Study material ▸
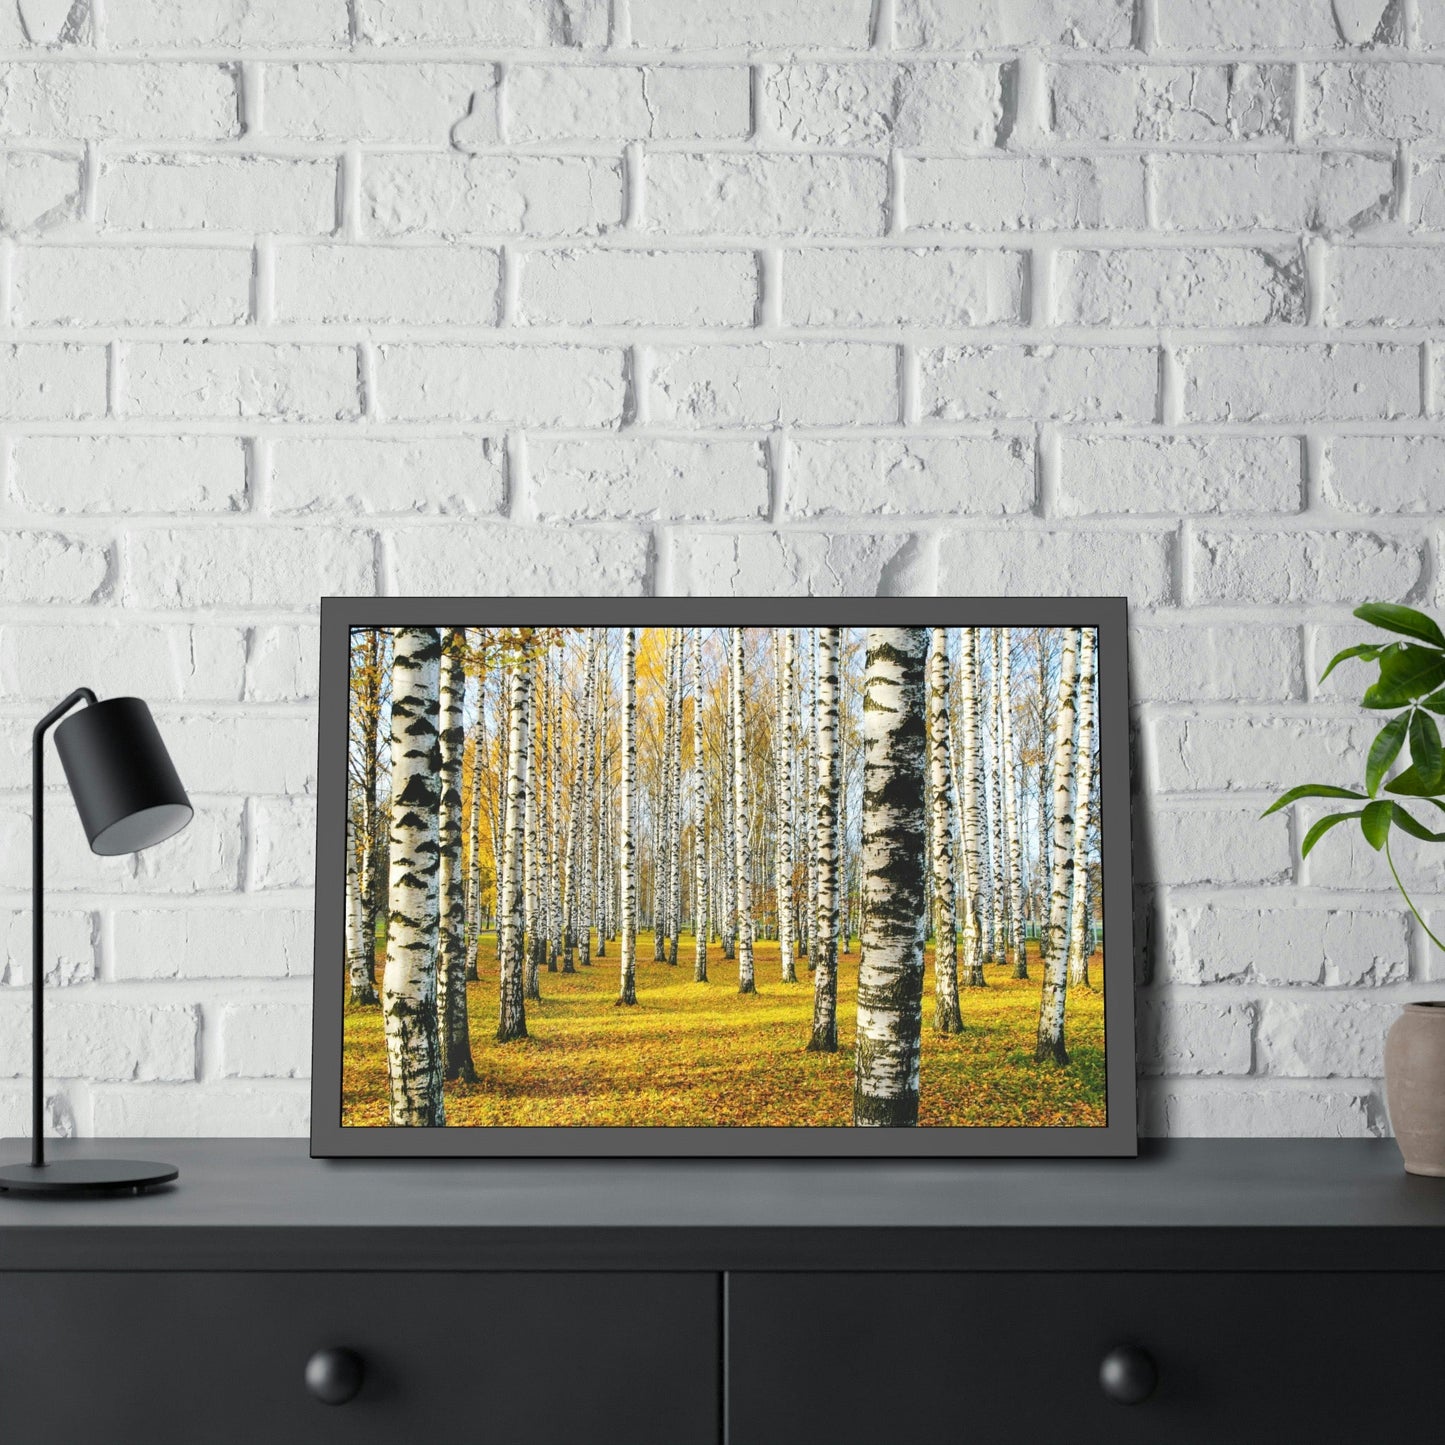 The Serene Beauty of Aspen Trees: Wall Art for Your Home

==

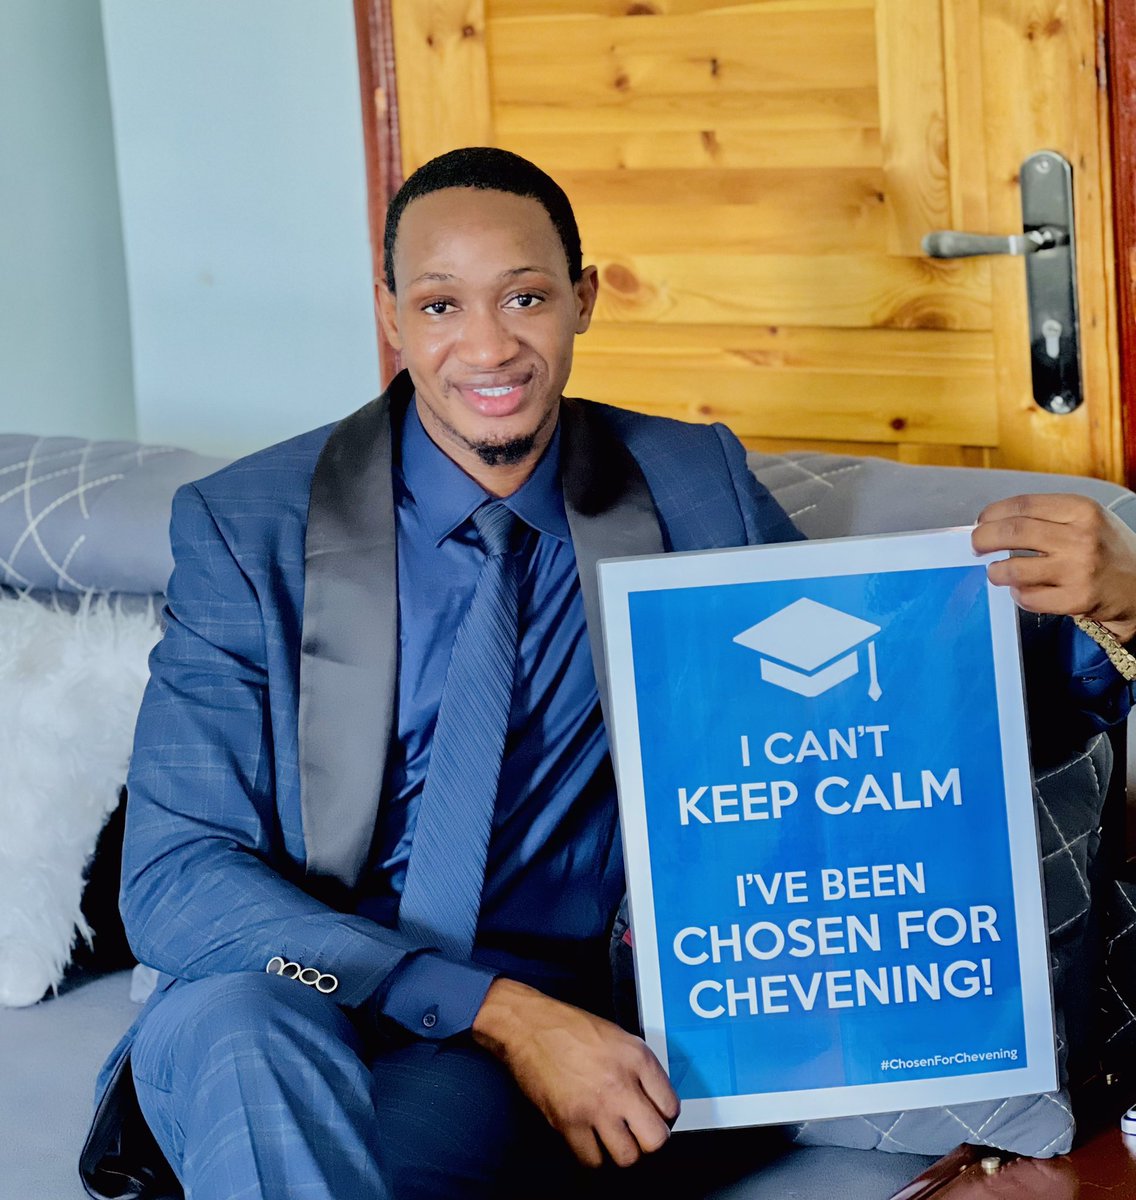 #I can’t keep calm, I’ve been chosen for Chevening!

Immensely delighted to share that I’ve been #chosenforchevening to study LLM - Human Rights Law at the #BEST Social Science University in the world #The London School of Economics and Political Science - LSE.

Directions for this task ▸ Make an exact copy of the lines above, beginning with the line with "#I can’t keep" and ending with the line with "Immensely delighted to", and keep the pictures out of it.

Result of this exercise ▸
 #I can’t keep calm, I’ve been chosen for Chevening!

Immensely delighted to share that I’ve been #chosenforchevening to study LLM - Human Rights Law at the #BEST Social Science University in the world #The London School of Economics and Political Science - LSE.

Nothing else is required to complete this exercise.